The truth is that it doesn’t matter. The future is unpredictable and lies fully in uncertainty. Anything can happen at any time, and that is especially true for the markets. If you want to survive in the markets, as a trader or investor, you need to make peace with uncertainty. The sooner, the better.
But how can you trade or invest, if you can’t predict the future?
By finding your edge in the market and always protecting your money, without exception. Only then can you hope to survive the adverse conditions and live long enough to thrive later down the line. Survival and adaptability. Not predictability and certainty.

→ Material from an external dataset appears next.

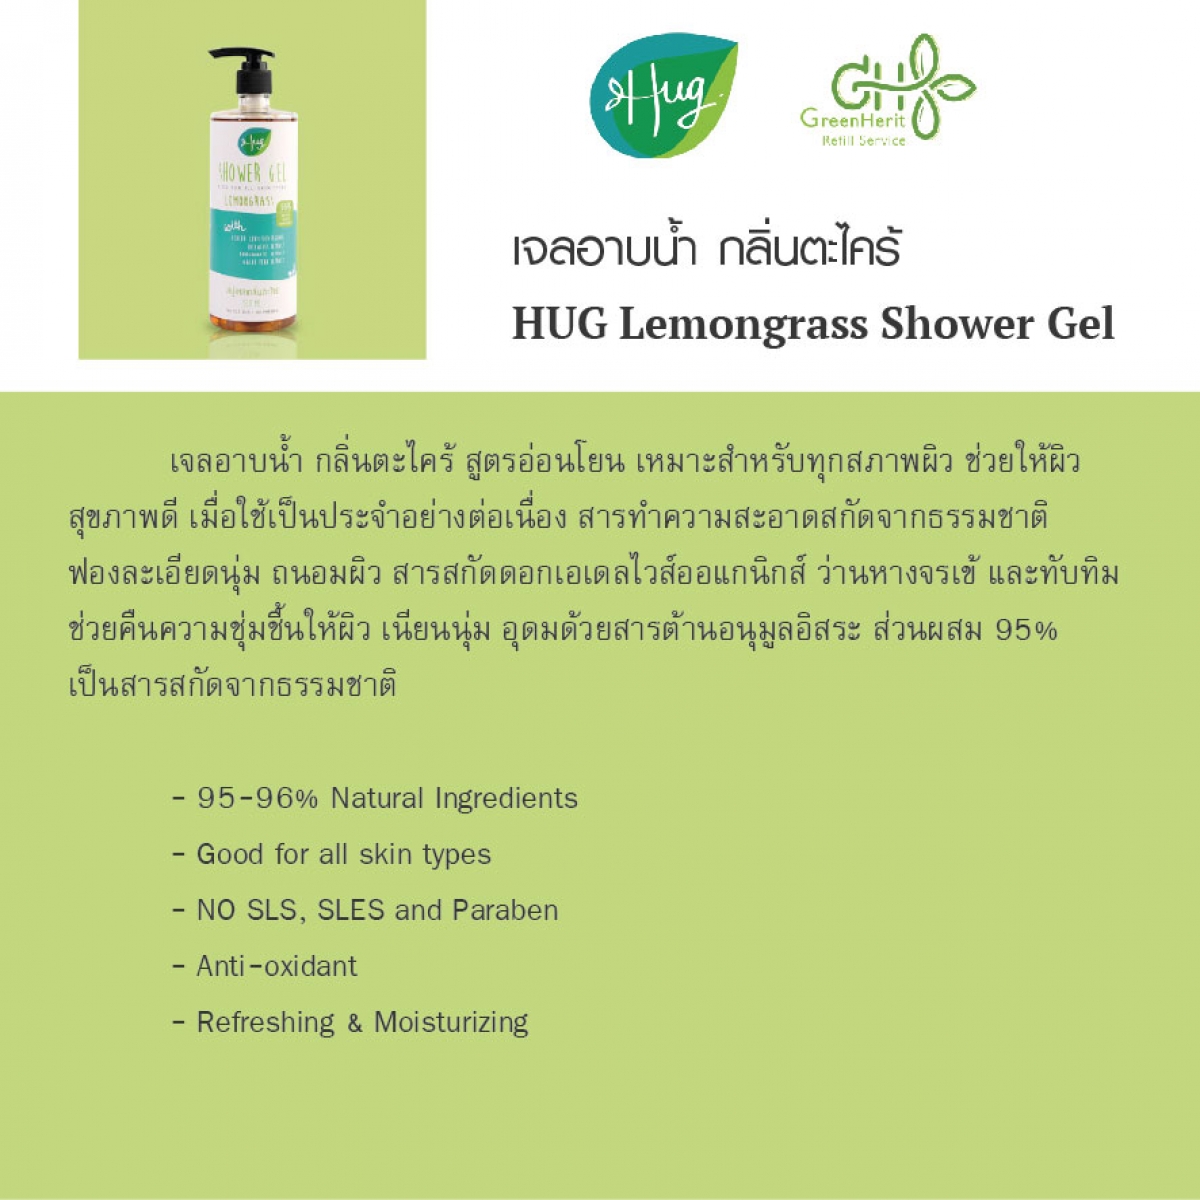 Organic Product > HUG Lemongrass Shower Gel

In trading and investing we’re dealing with probabilities and risk to reward ratios. Since we can’t know what will actually happen, we have to find our own EDGE, something that over time enables us to extract profit from the market. That EDGE can be anything, as long as we have a reason to believe that over a large sample size of trades, we will come out in profit. No one can predict the outcome of the next trade, but over a large enough sample size, things do get a bit more predictable. The simple truth is that we can’t know what will happen in our next trade, nor do we have to in order to make money. That’s where risk management comes in, combined with a trading system with an appropriate risk to reward ratio. We either need a good enough win rate or a high risk to reward ratio.
The above image shows the required balance between risk to reward (R-Multiple = how big your wins vs how big your losses are on average) and winrate in order to be neutral. Improve one of the factors in practice and you’re making money.
I find reading “Trading in the zone” by Mark Douglas an absolute must for any aspiring trader or investor. He spends his whole book encouraging you to accept uncertainty and unpredictability of the markets and giving you hints on how to deal with it. And then a quick dive into the “Market wizards” series by Jack D. Schwager, where you’ll meet some of the world's best traders and see that they too make mistakes and lots of them.
So how do I now go about predictions myself?
I see them as a fun experiment into the current mood, mine and the markets, giving it absolutely zero significance. I try not to trade my predictions and do my best to recognize what the market is telling me, not what I believe it should do. I always go about it in a way that if and when I am wrong, the cost to my portfolio will be minimal. Remember, it doesn’t matter if you’re right or wrong on one particular move or trade, you just need to survive the wrong ones in order to thrive in the right ones. In the end, it’s a numbers game.
If these last couple of years have taught us anything, it’s that we can never really predict or even dream up, what the future will bring. From my point of view this current timeline is one crazy ass parallel universe, I simply don’t remember voluntarily stepping into. But hey, here we are and we must somehow find our place in all this random madness.
My mantra remains: The only thing I know for certain is that I know nothing.